(529b) A Thermodynamic Analysis of the Photosynthesis Reaction by Assigning Photons a Carnot Temperatue

Increasing concentrations in atmospheric carbon dioxide have led to concerns over the use of fossil fuels. These concerns have led to a surge in the development of sustainable alternative fuels. Photosynthesis offers many possibilities since the basic reaction captures carbon dioxide and produces biomass. This biomass can be converted into a various forms of biofuels such as biodiesel. Photosynthetic processes offer the benefit that they are based on sunlight which is a long lasting and freely available energy source.

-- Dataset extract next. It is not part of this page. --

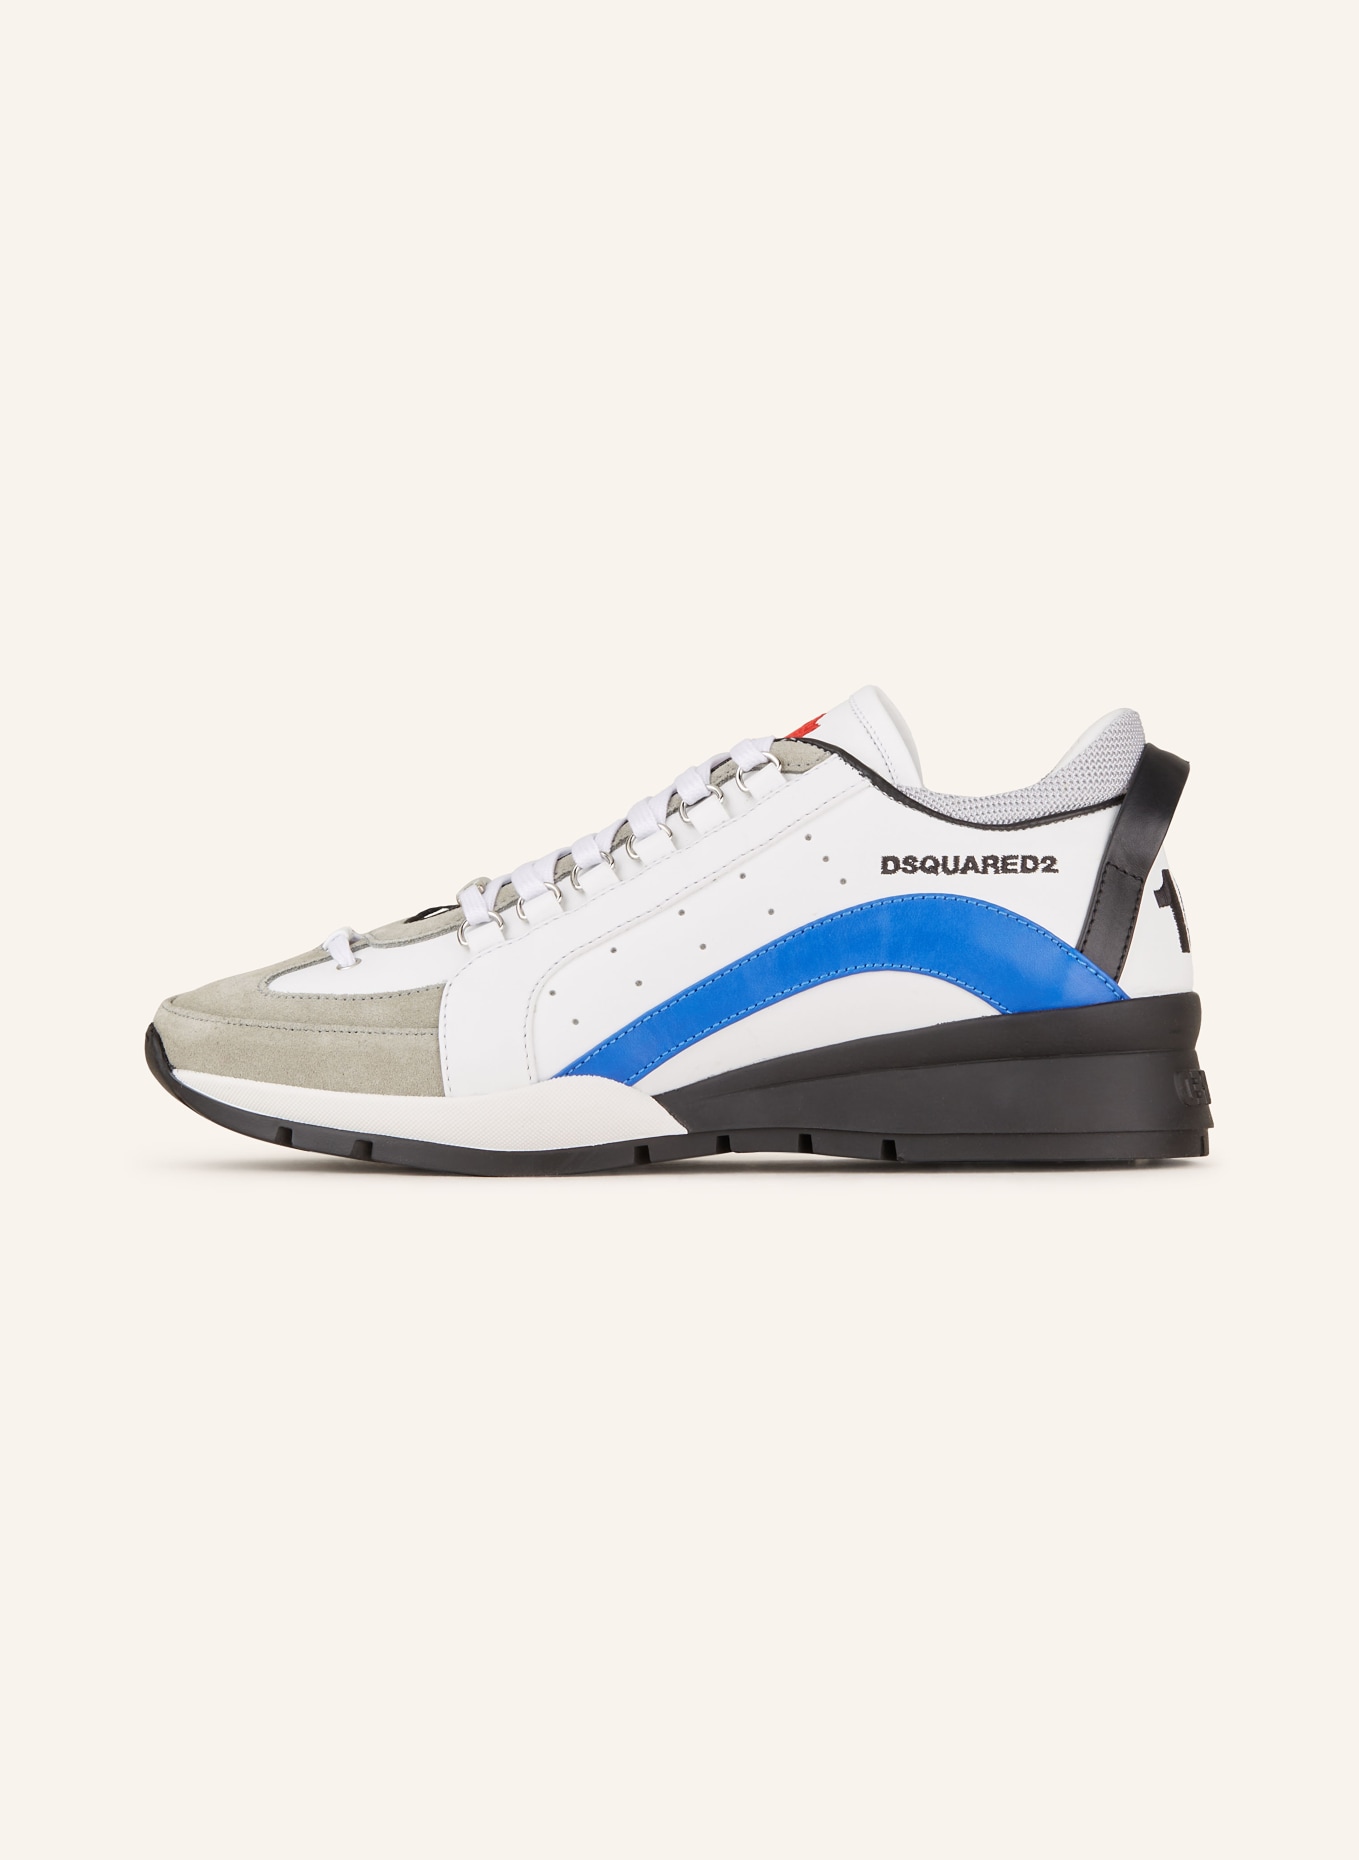 DSQUARED2 Sneakers LEGENDARY, Color: WHITE/ BLUE/ GRAY (Image 4)

A look at the thermodynamics of a generalised photosynthetic reaction which produces a range of organic compounds shows there is a relationship between the enthalpy (energy) and Gibbs Free Energy (work) over the process. This relationship shows that, for a reversible process, the work and energy needs can be satisfied by a high quality energy source with a Carnot temperature near the temperature of the Sun. By looking at the energy balance over the photosynthetic reaction, the required number of photons can be calculated at different wavelengths, since the energy per photon is determined by its wavelength. A similar calculation can be performed with the Gibbs Free Energy across the reaction and treating the photons as a high quality energy source with a Carnot temperature equal to the surface temperature of the sun. Comparing these results with values obtained from literature discrepancies are observed. The result is that exothermic heat transfer becomes an important issue for real processes.